**INPUT DATA**

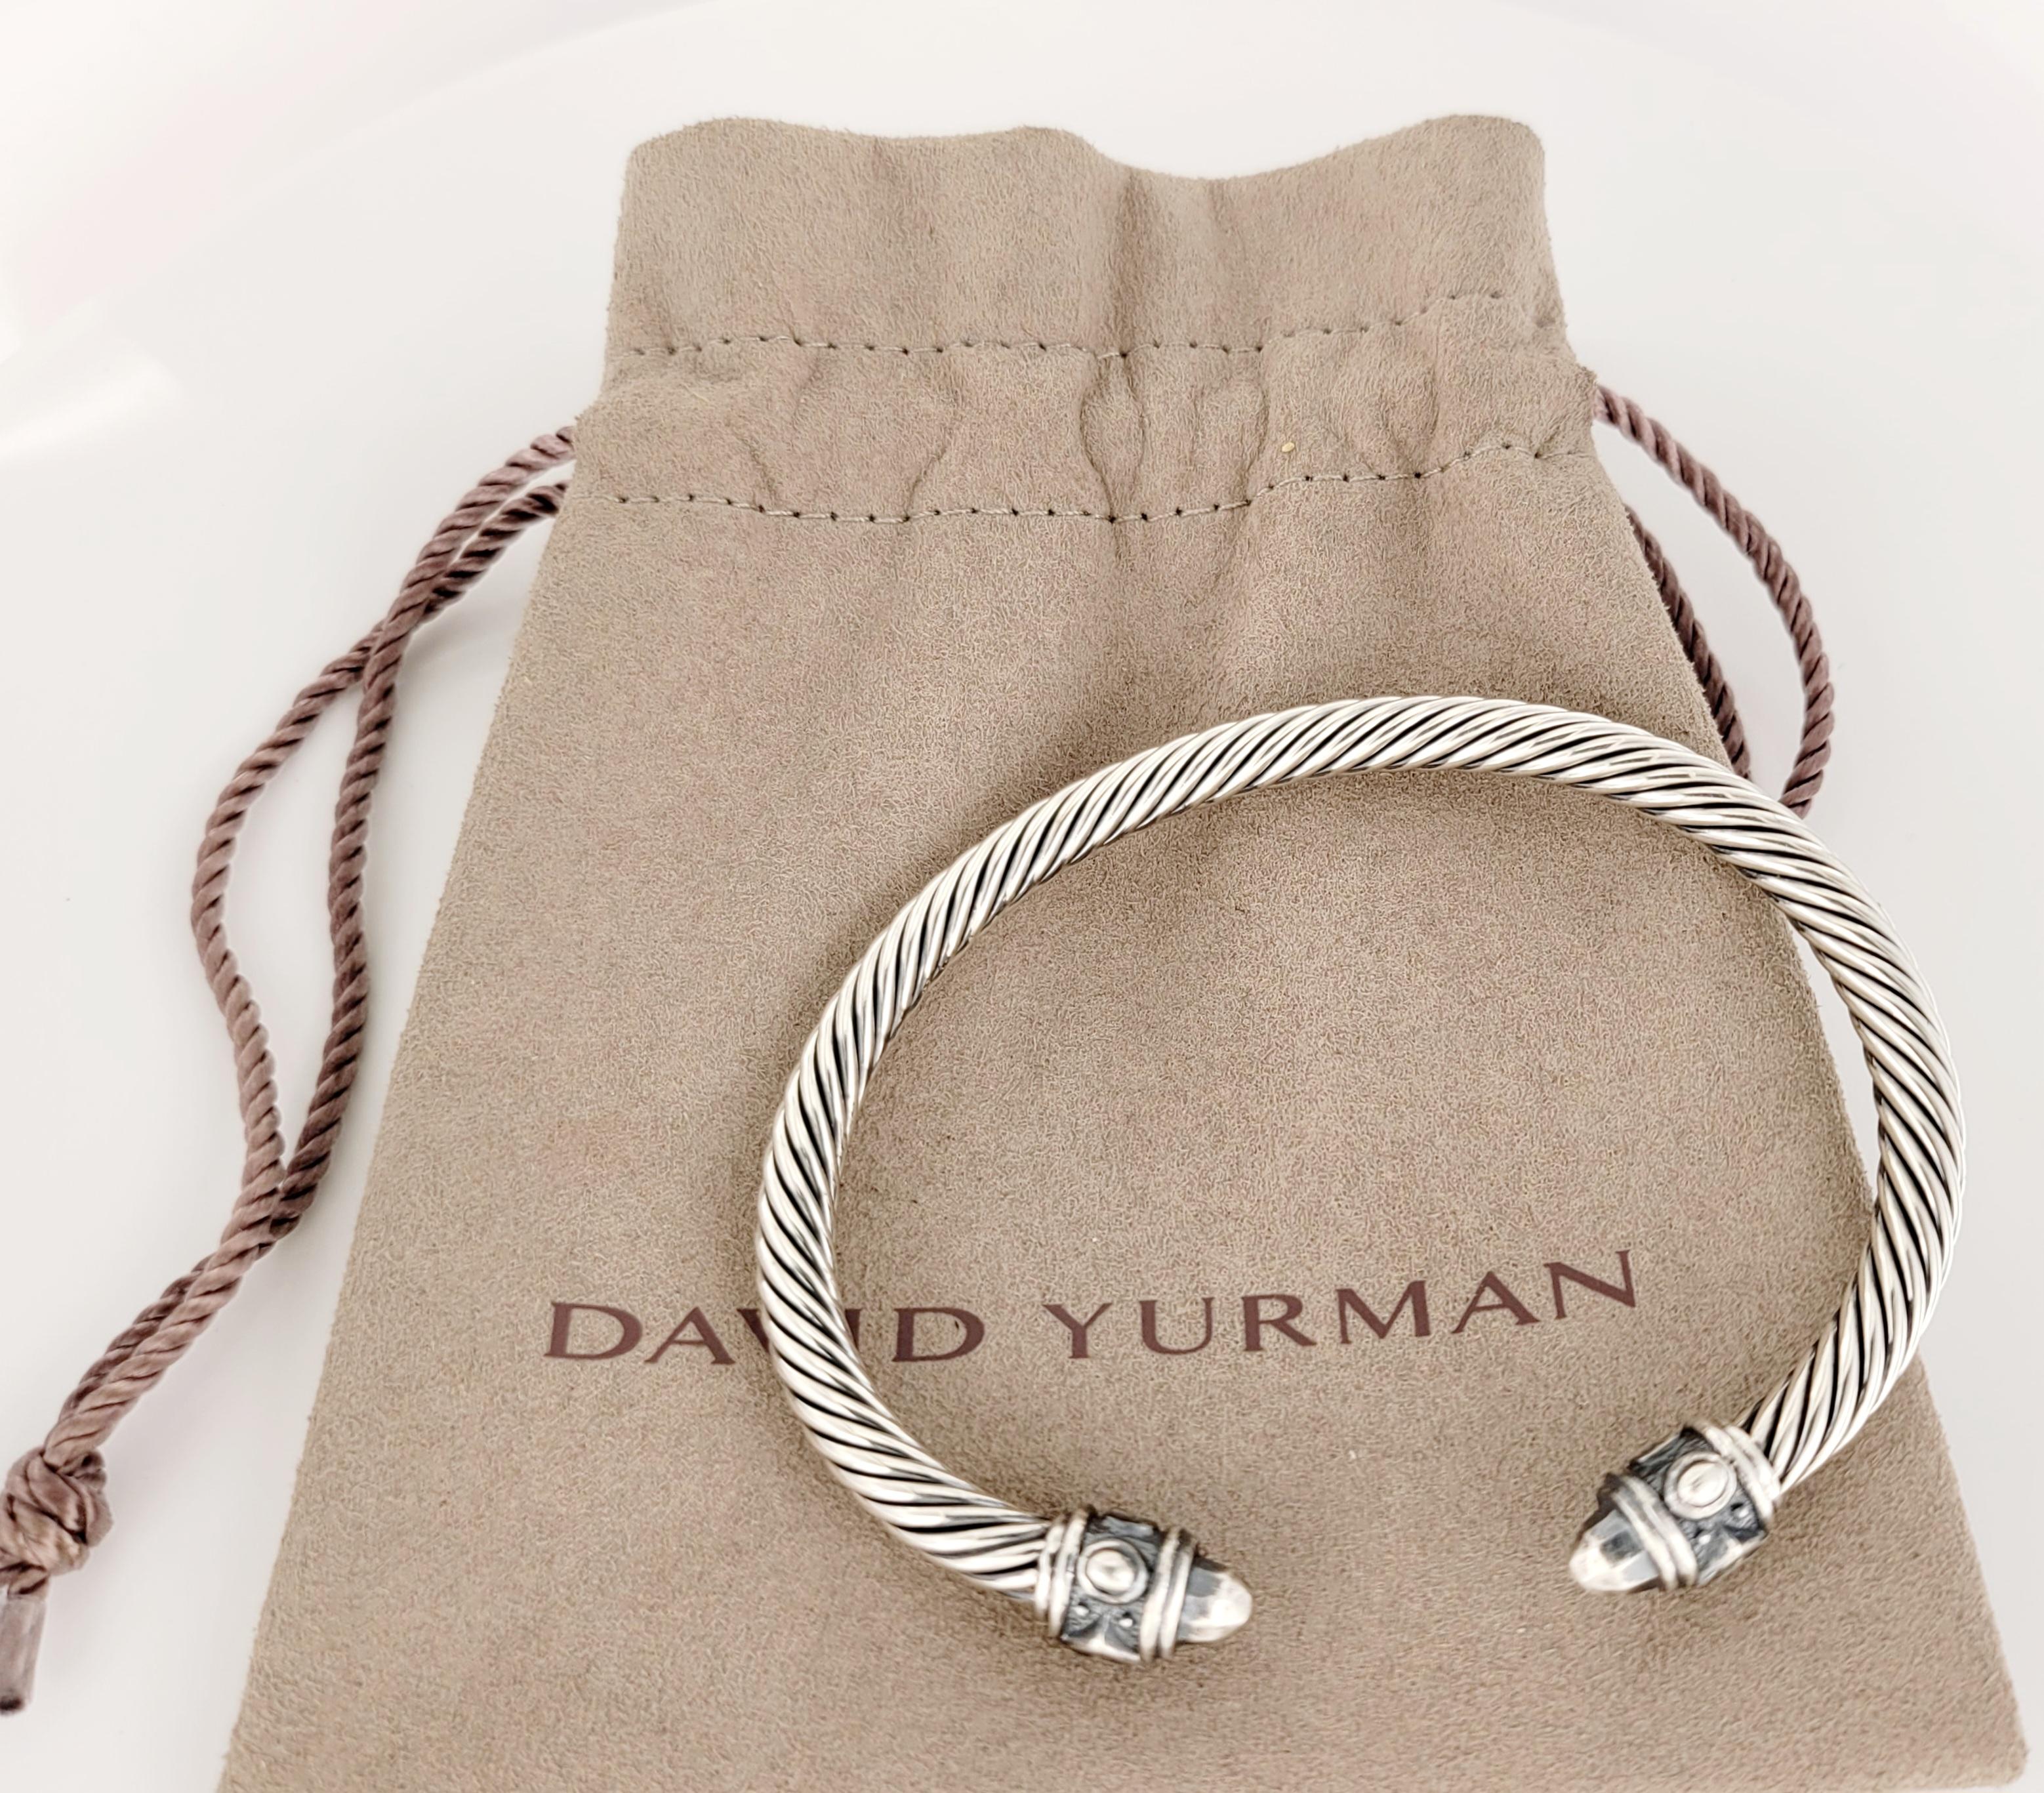 Brand David yurman 

Metal Sterling Silver 925

Bracelet Size 7'' 

Bracelet width 5mm

Bracelet weight 29.6

Condition New, never worn

Comes with David Yurman pouch 
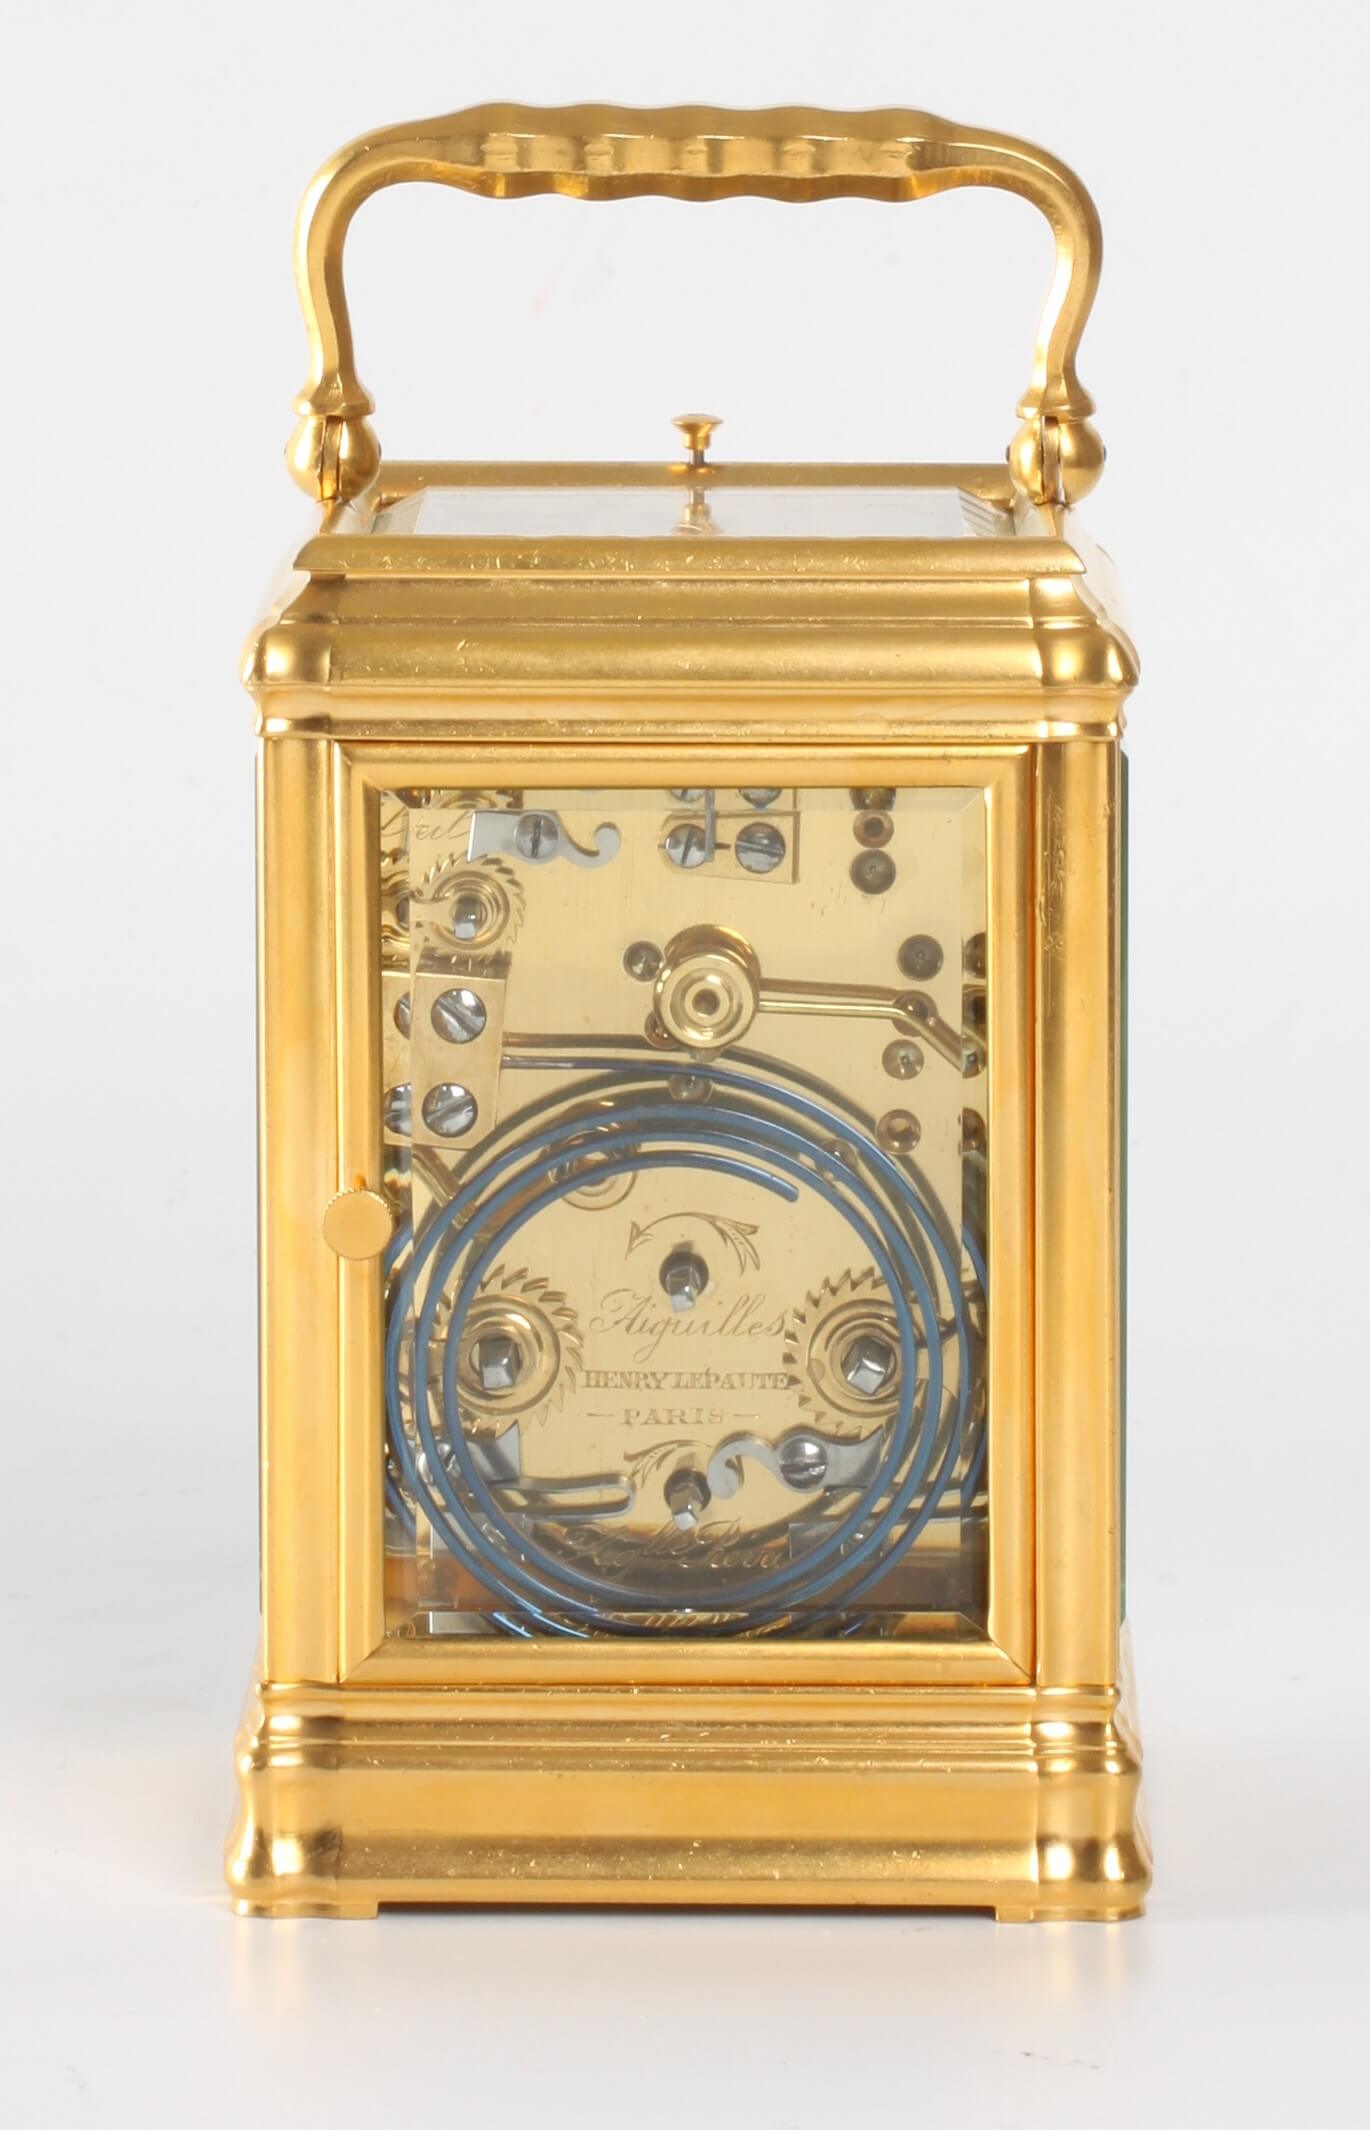 French gorge carriage clock Henri Lepaute 1880
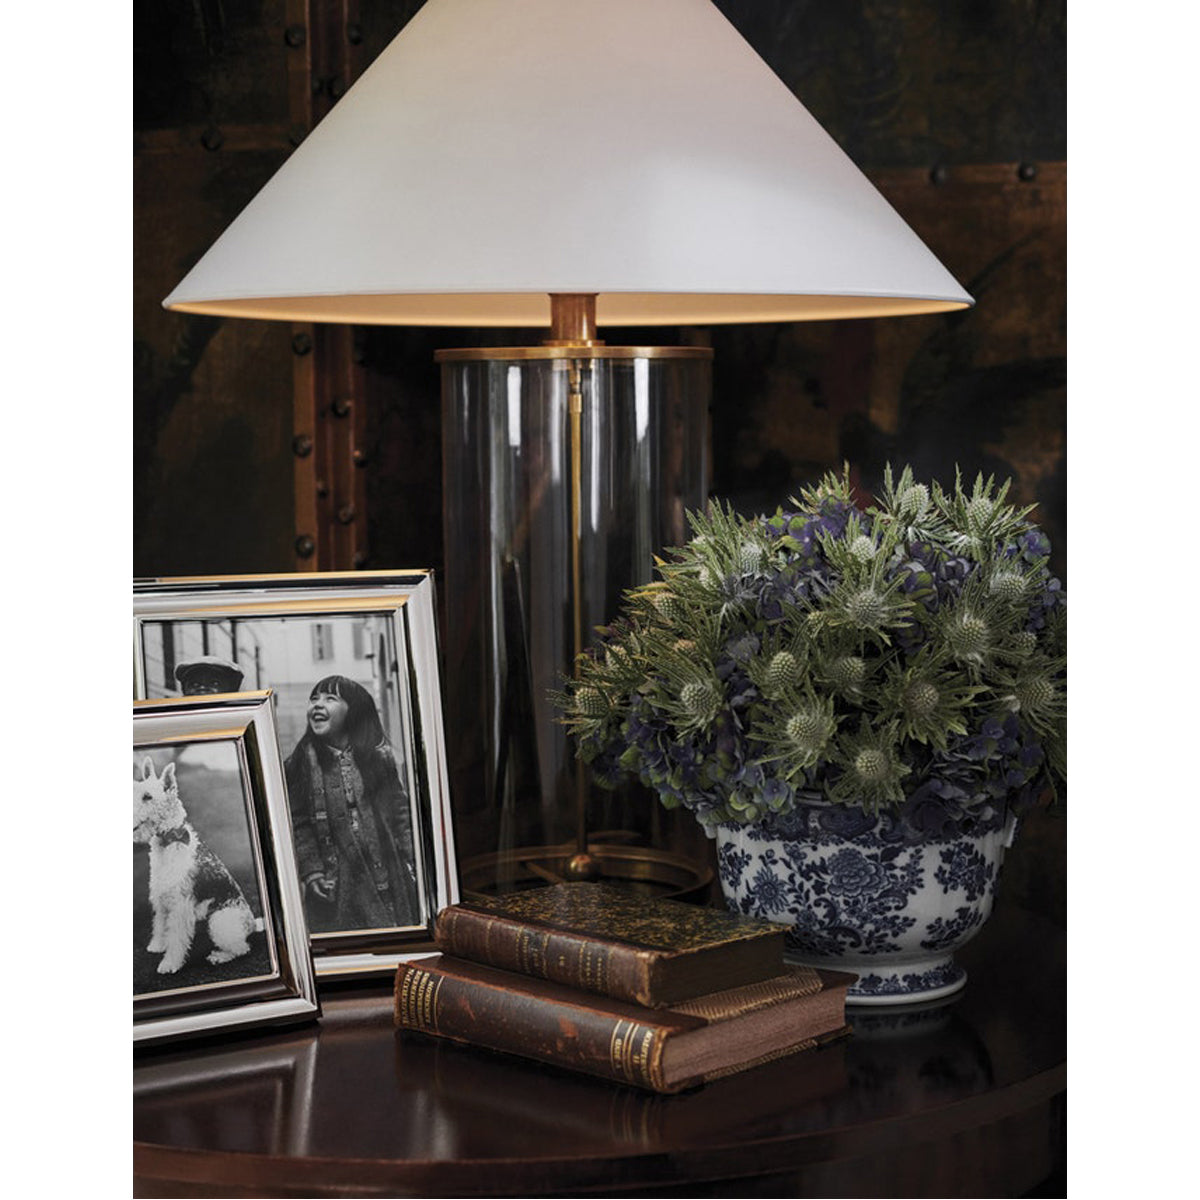 Visual Comfort Modern Table Lamp

**WHAT IS EXPECTED**
With images omitted, output the data exactly as given.

**RESPONSE AREA**
 Brand David yurman 

Metal Sterling Silver 925

Bracelet Size 7'' 

Bracelet width 5mm

Bracelet weight 29.6

Condition New, never worn

Comes with David Yurman pouch 
 French gorge carriage clock Henri Lepaute 1880
 Visual Comfort Modern Table Lamp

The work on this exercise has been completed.